- **Your assignment**
Your reply should reproduce each line below exactly and carry none of the pictures.

- **Provided data**
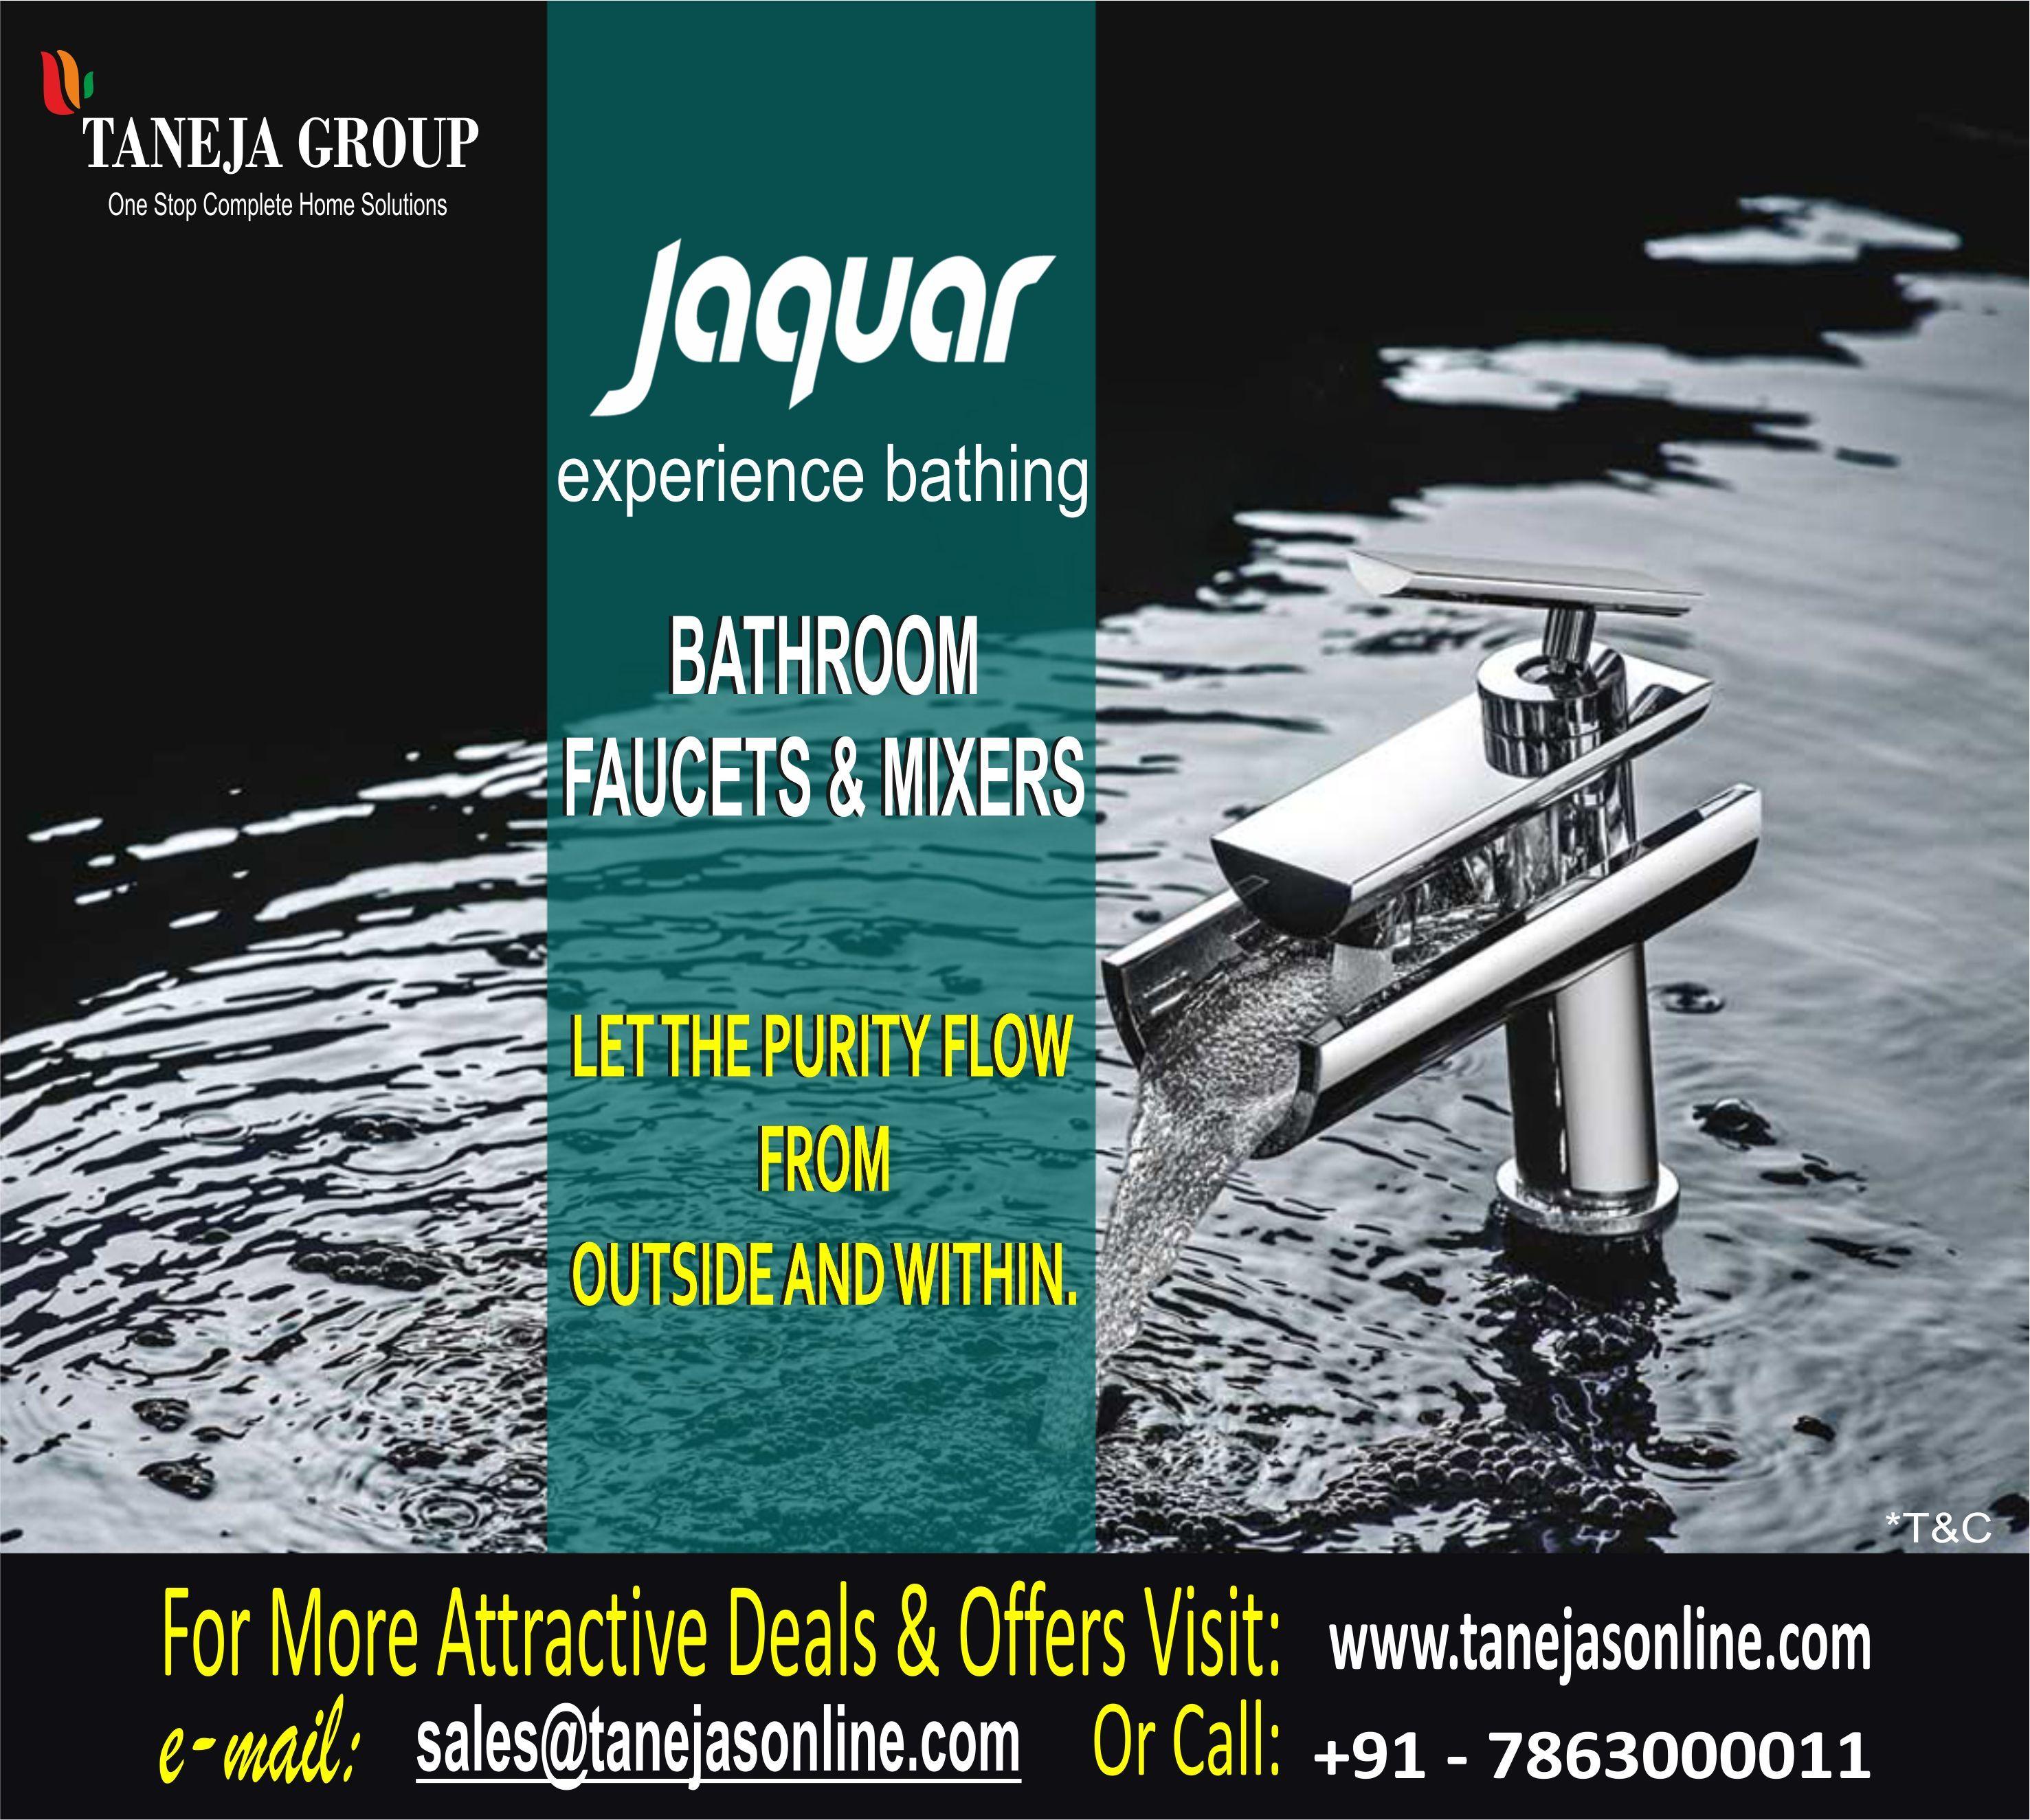 Prayag bathroom fittings price list - Prayag Bathroom Fittings Price List 42
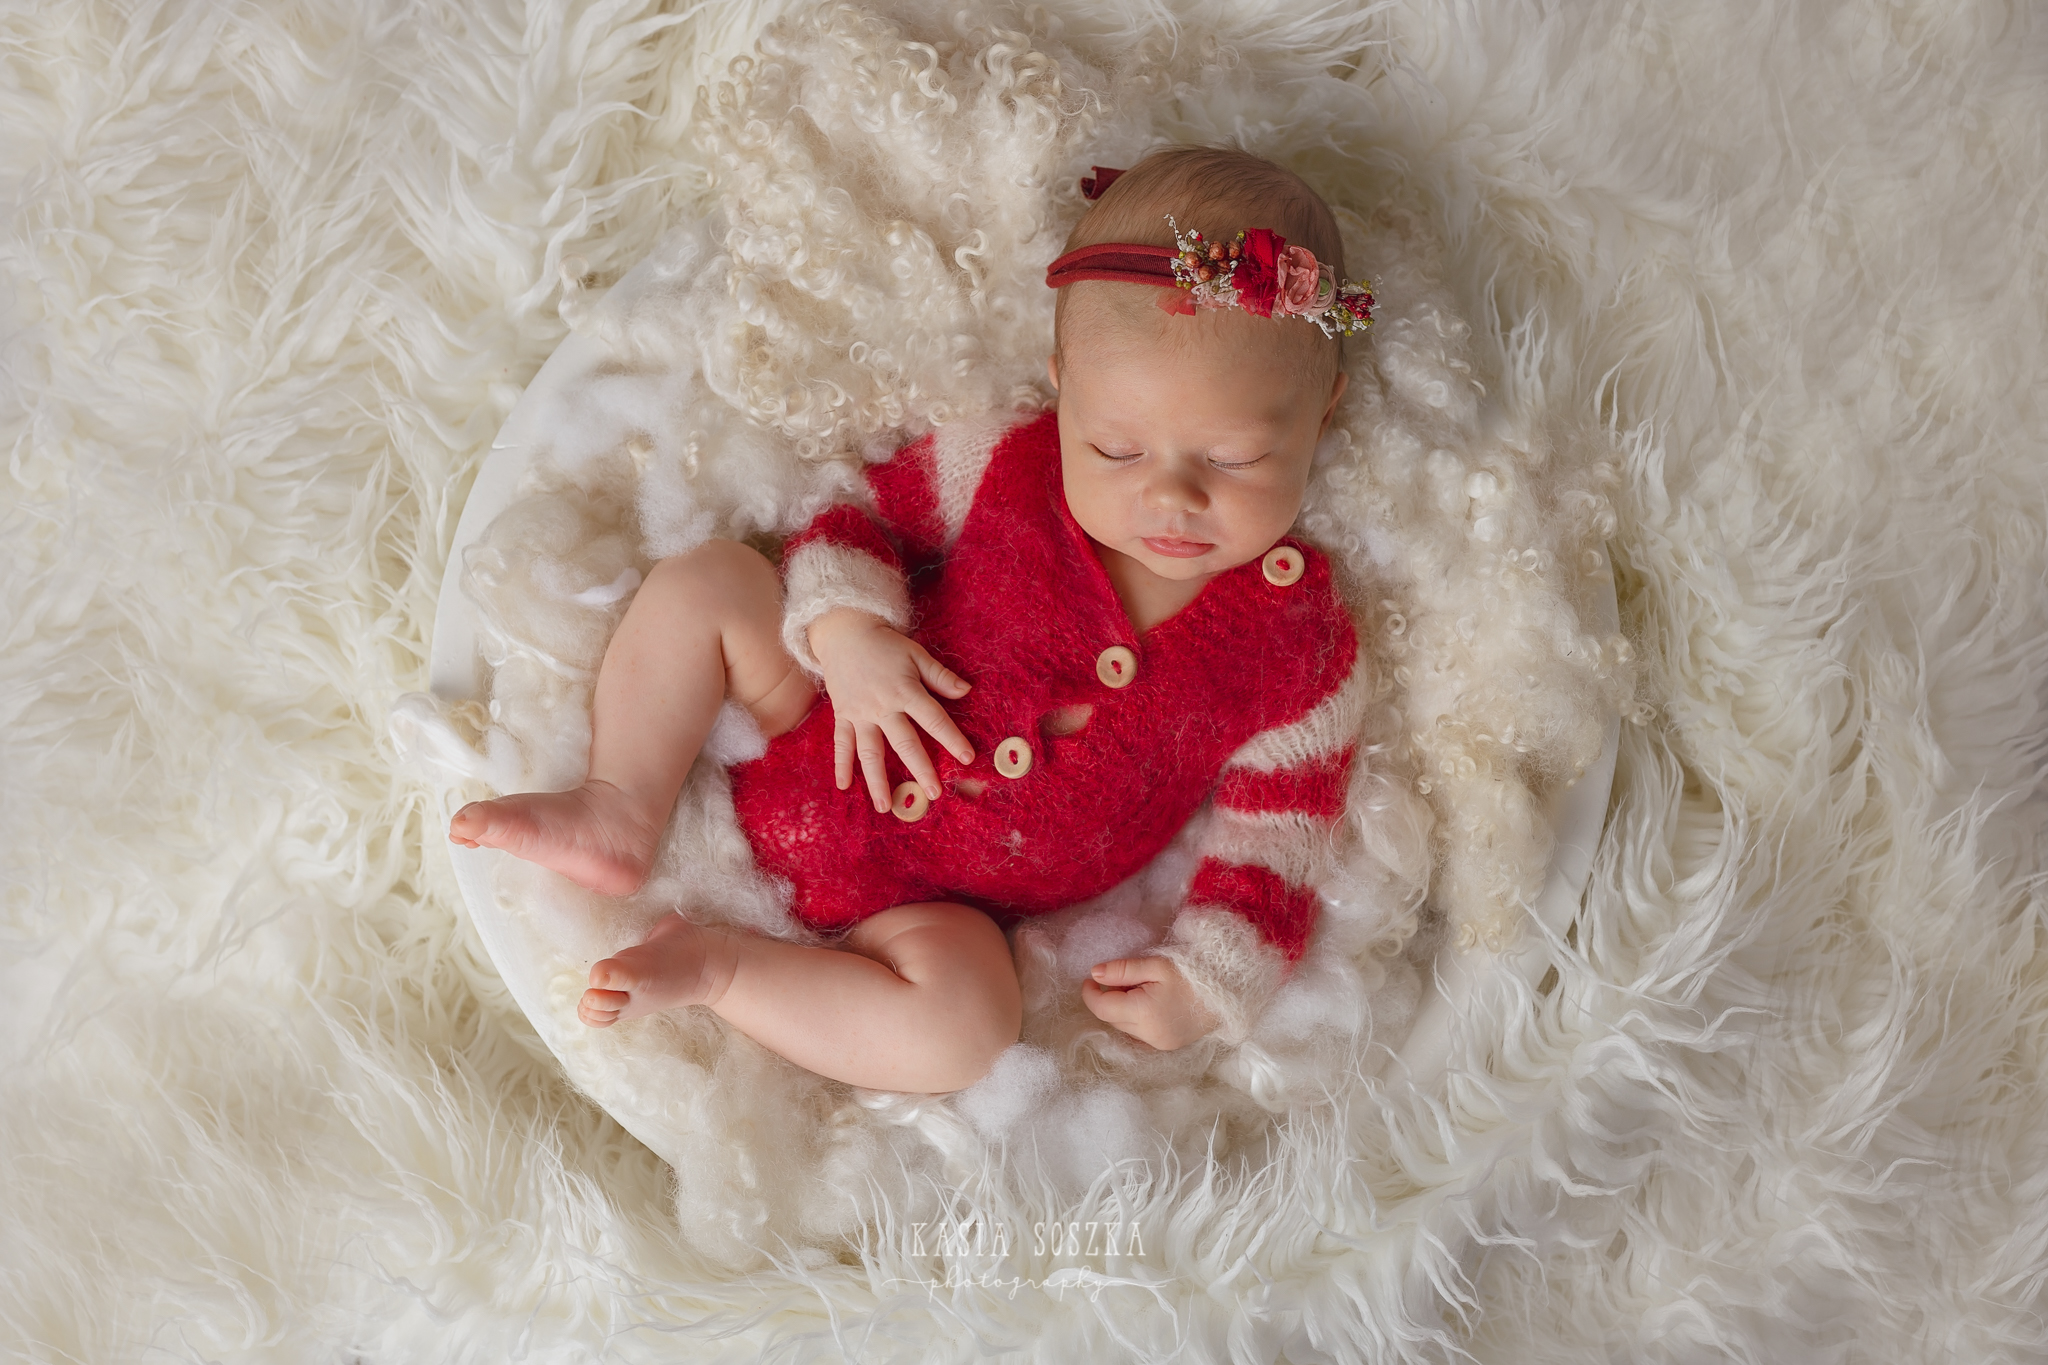 Newborn photography Leeds-York-Bradford-Harrogate: Christmas newborn session in Leeds, Yorkshire. Cute newborn baby girl in Christmas outfit
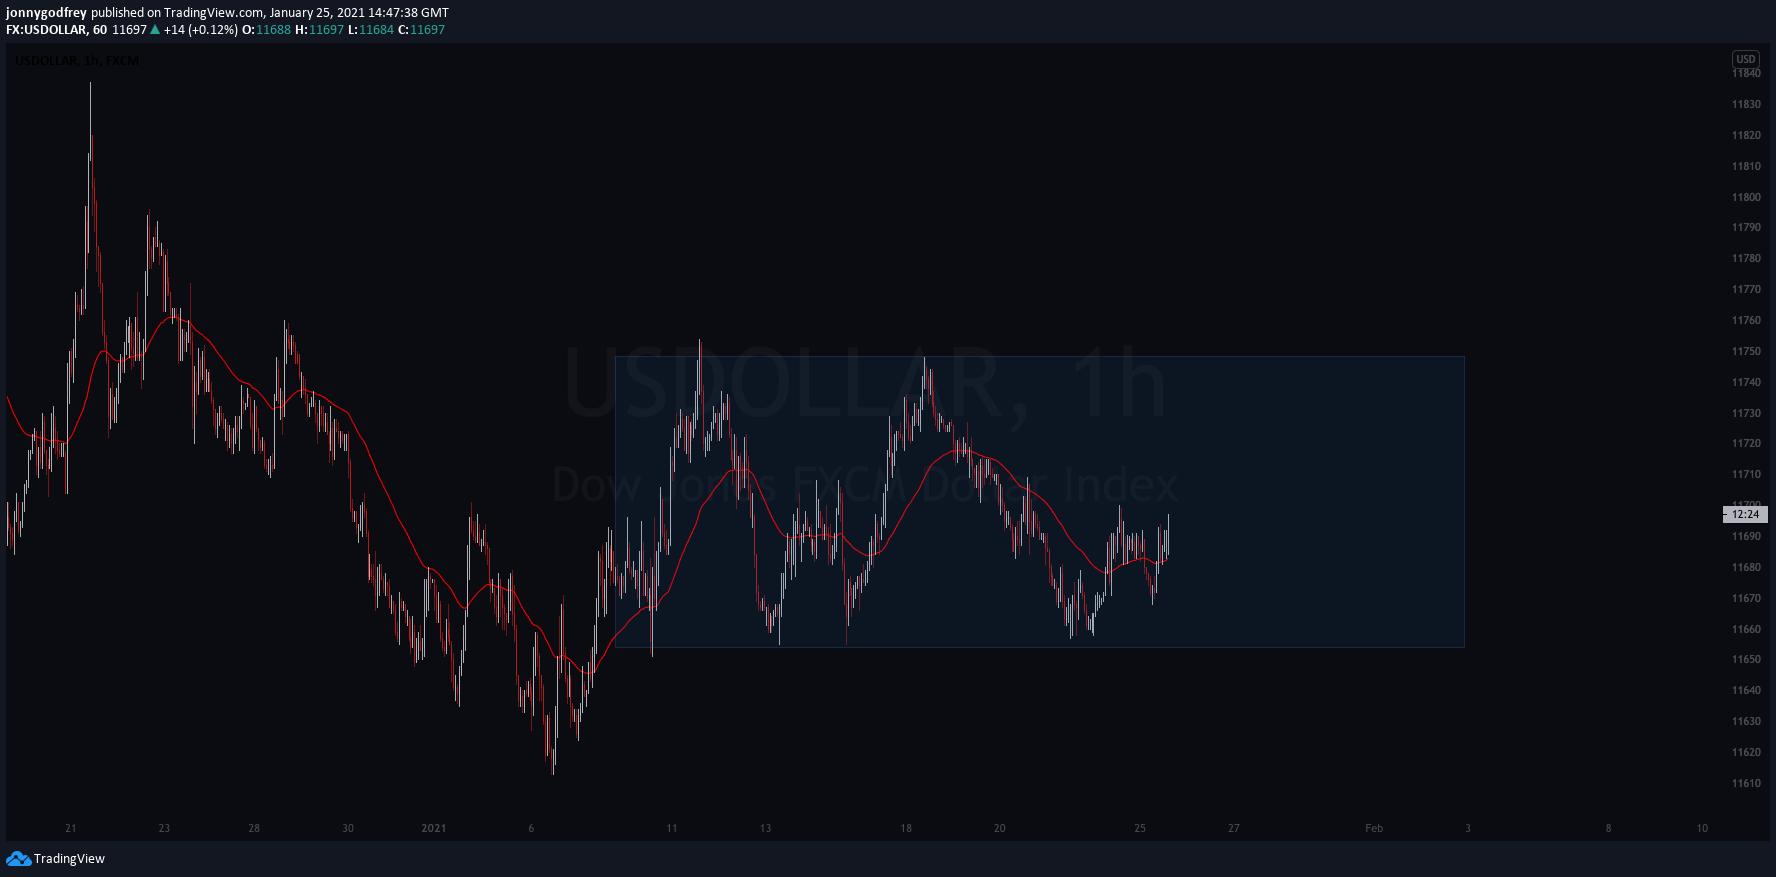 USDOLLAR 1 hour chart
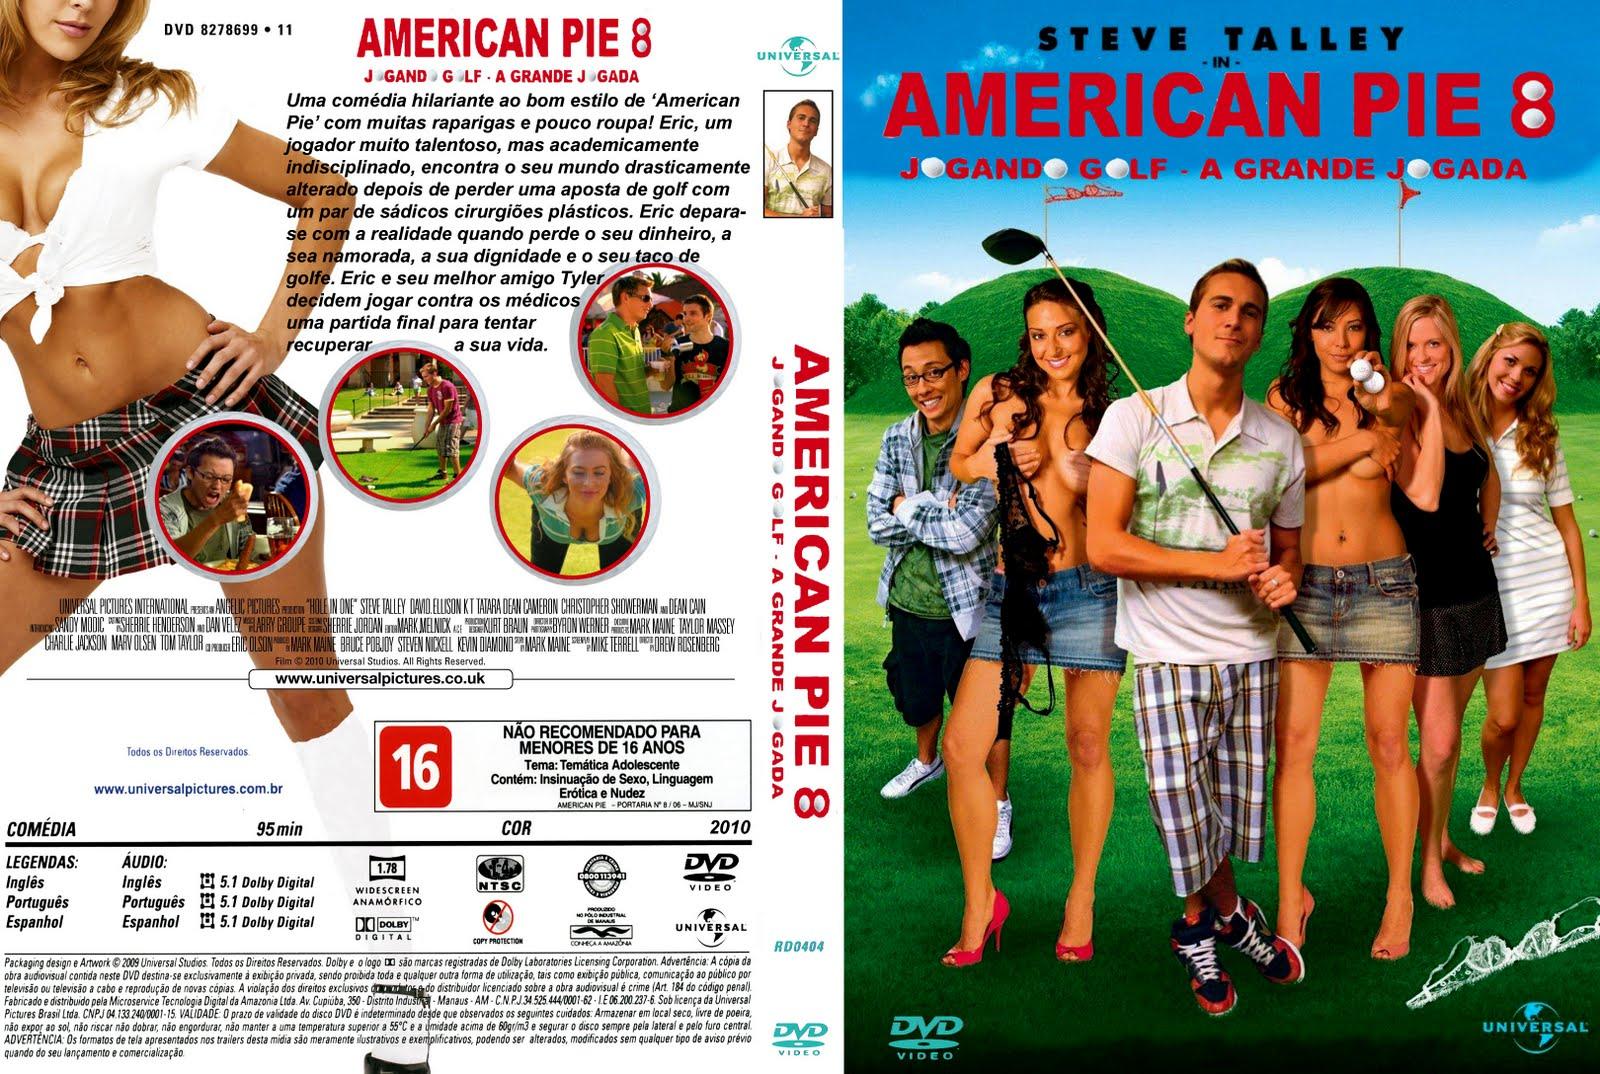 American Pie 8

- **Reply**
 Prayag bathroom fittings price list - Prayag Bathroom Fittings Price List 42
 Newborn photography Leeds-York-Bradford-Harrogate: Christmas newborn session in Leeds, Yorkshire. Cute newborn baby girl in Christmas outfit
 USDOLLAR 1 hour chart
 American Pie 8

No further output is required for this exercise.